Hi Ian,
In the toy 2 particle universe you describe, only the following information can exist (from the point of view of each object):
1. Categories of information (about "itself" and the other object) e.g. mass or a more fundamental category of information;
2. Information interrelationships;
3. Quantity information associated with the information categories.
A physicist could represent this information and these information relationships with law-of-nature mathematical-type equations; and the quantities would be represented by numbers.
It's clear that reality utilizes "categories of information" like mass, momentum, charge etc. And some of these categories are not fundamental, but are in effect built out of relationships between existing, more fundamental, information categories. Seemingly, at least one information category must be considered to be a "first principle" of reality.
Similarly, it is clear that reality utilizes information interrelationships.
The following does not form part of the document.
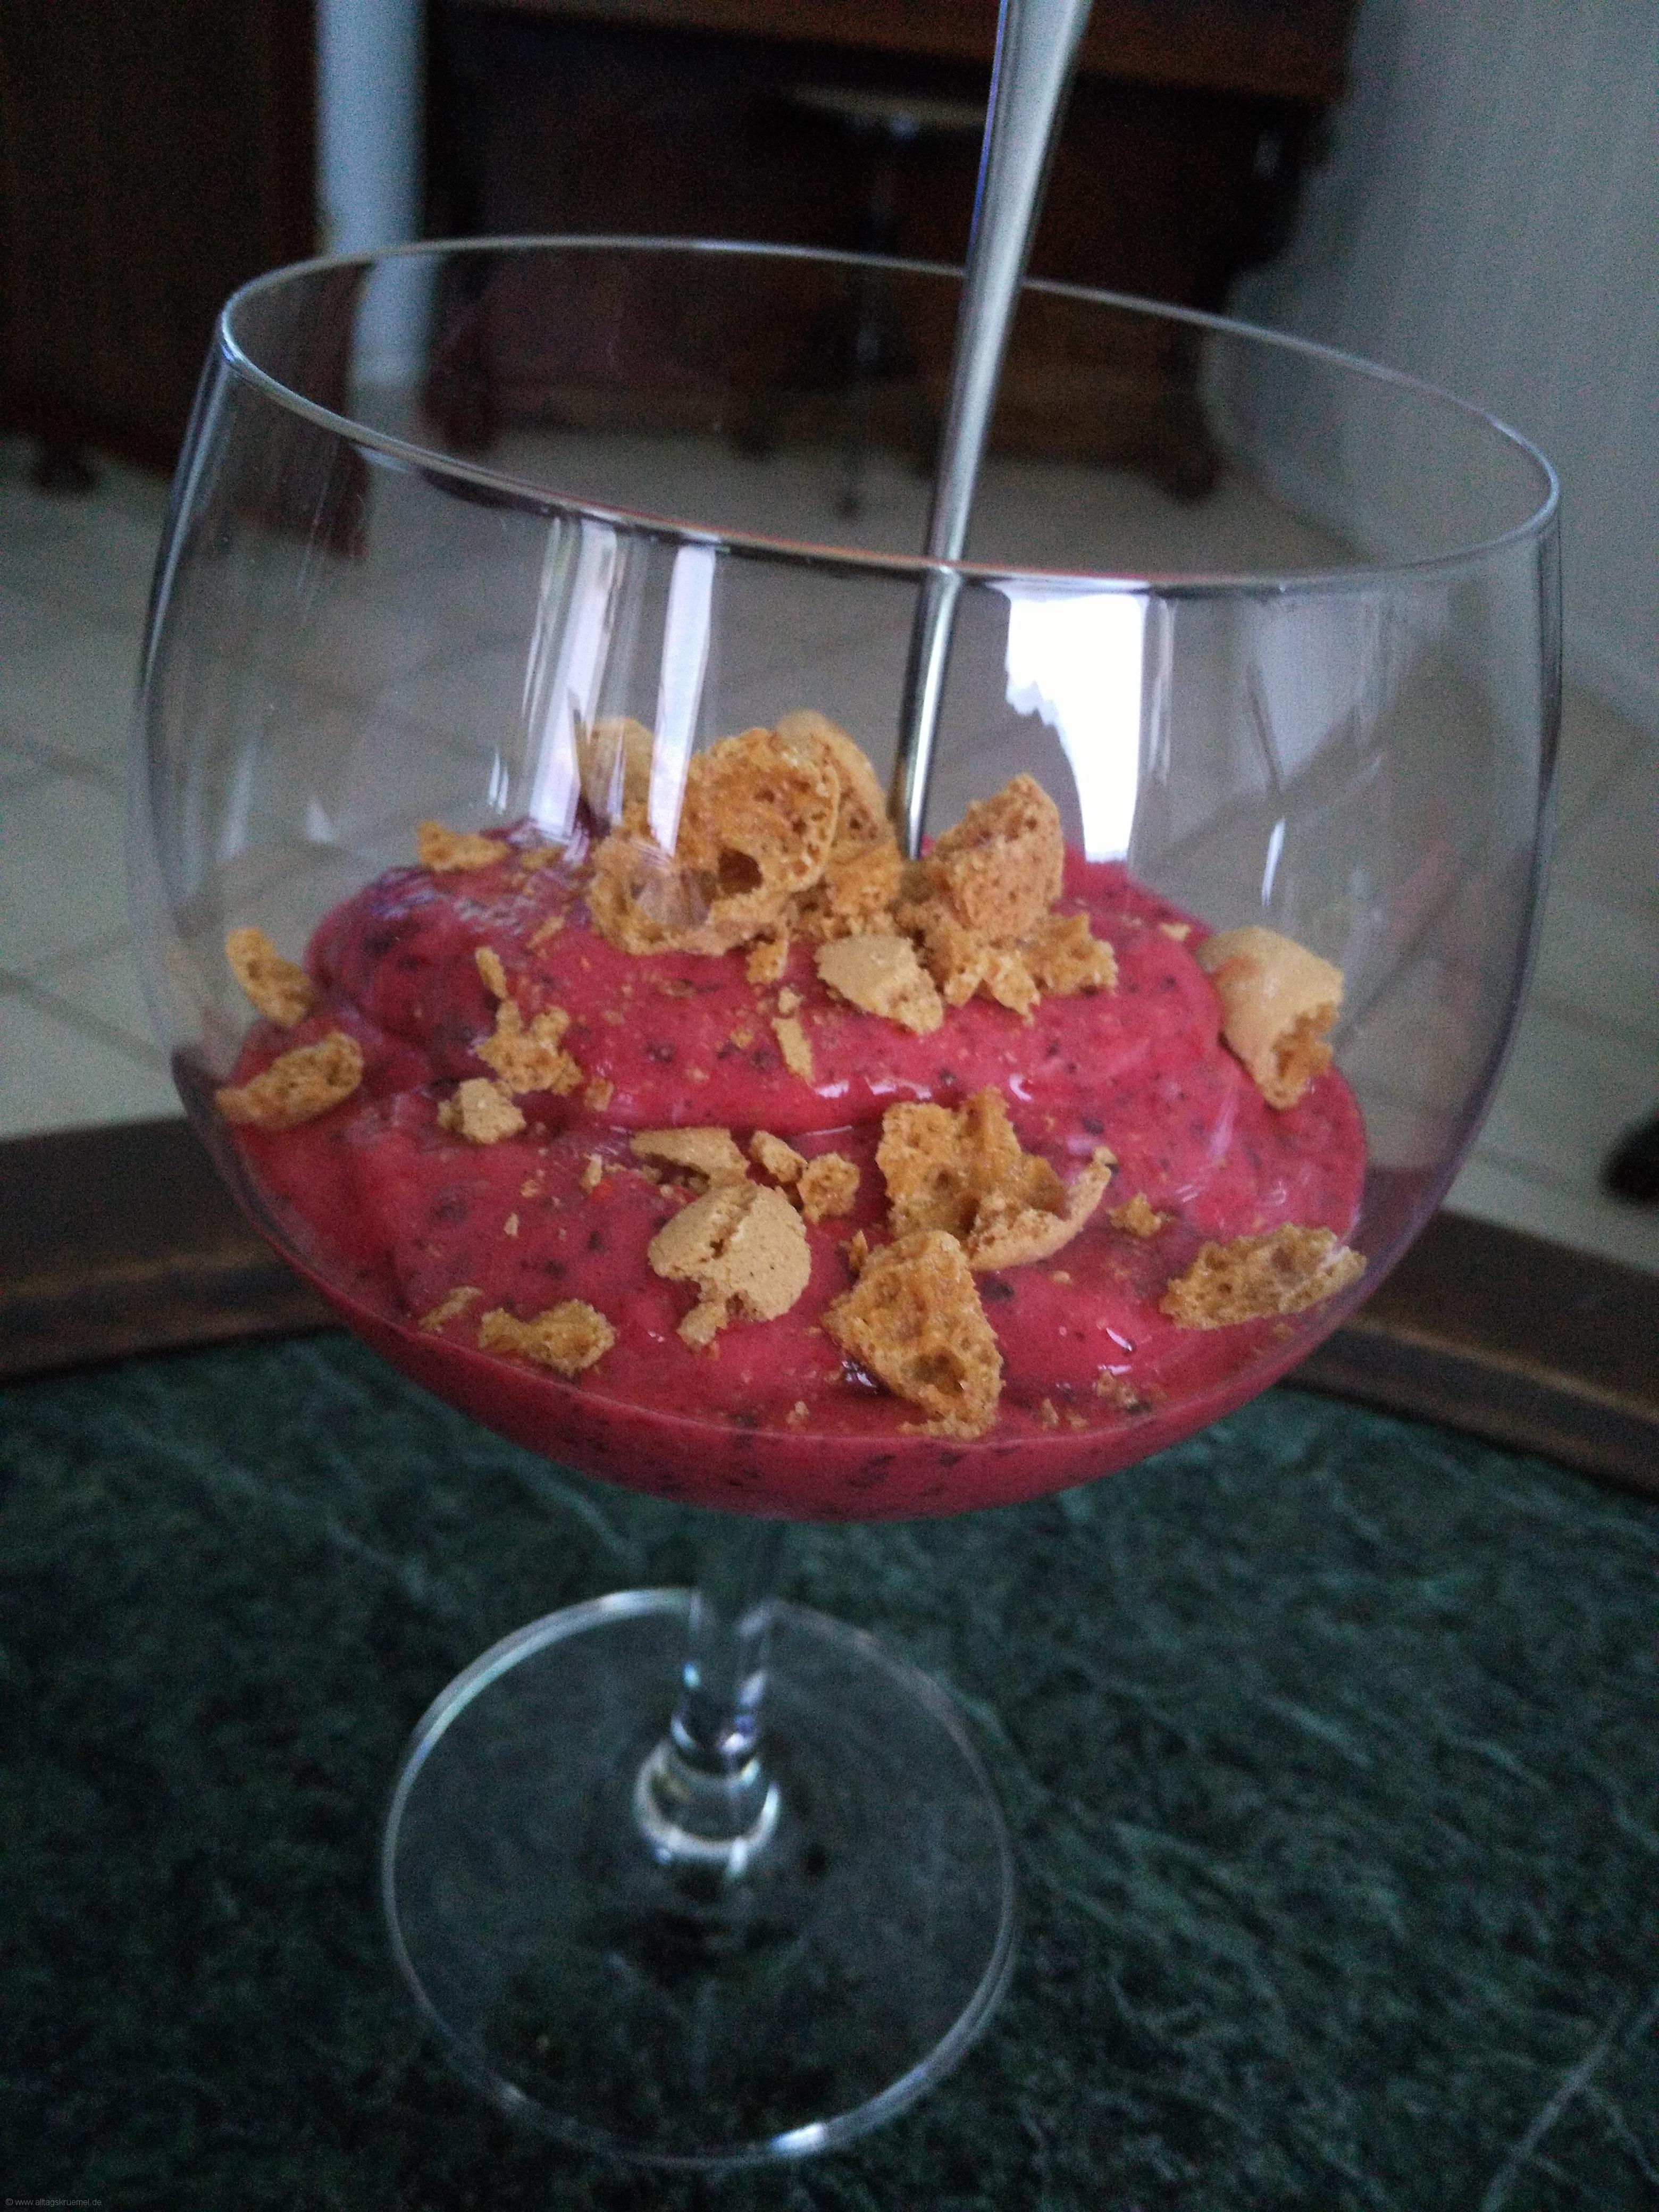 Fruchtiges Dessert: Erdbeeren Himbeeren, Banane - gefroren und püriert

We attempt to represent such interrelationships with symbols like "= + x", and at least some of these interrelationships must also be considered to be "first principles" of reality.
When it comes to quantity, which we represent with numbers, we must also assume that there is an underlying simplicity. "Quantity" describes something that really exists in fundamental reality.
But the objects in fundamental reality can make no distinctions relating to number of objects: there can potentially only be distinctions made relating to quantity. The reason for this is made clear by mathematician Louis H. Kauffman's article "What is a Number?":
"Two classes are said to be similar if there is a one-to-one correspondence between the members of the one class and the members of the other class. . . [But] How do you know to take a given form as foreground against which to make the comparisons?. . . None of these questions can be addressed by a formal system alone. The ability [to] perform the relations indicated by these questions is a prerequisite to being able to make any formal system at all."
Correspondence and comparison are complex many-step operations: clearly there can be no such ur-counting behind-the-scenes at the level of fundamental reality. Classes and sets have a hidden underlying complexity: sets have a complicated underlying infrastructure of axioms, defined symbols, defined equivalence relations, ordering etc. If one assumes that some sort of simplicity underlies physical reality, one must conclude that the quantities found to exist in fundamental physical reality cannot be modelled by the sets that represent the properties of number systems.
On the other hand, a number seen as a ratio seems to be possible for fundamental reality. To give another toy example: assuming a toy law-of-nature relationship could be represented as "a+bc =d", then a (rational) number relationship could be represented as "(a+a+a)/a" . I'm saying that the substance of the reality underlying quantity could be as simple as the reality underlying laws-of-nature.
(I attempt to explain in my essay how the complex numbers, algebraic irrational numbers, and non-algebraic numbers found in nature might be seen in the light of the above way of looking at numbers.)
Cheers,
Lorraine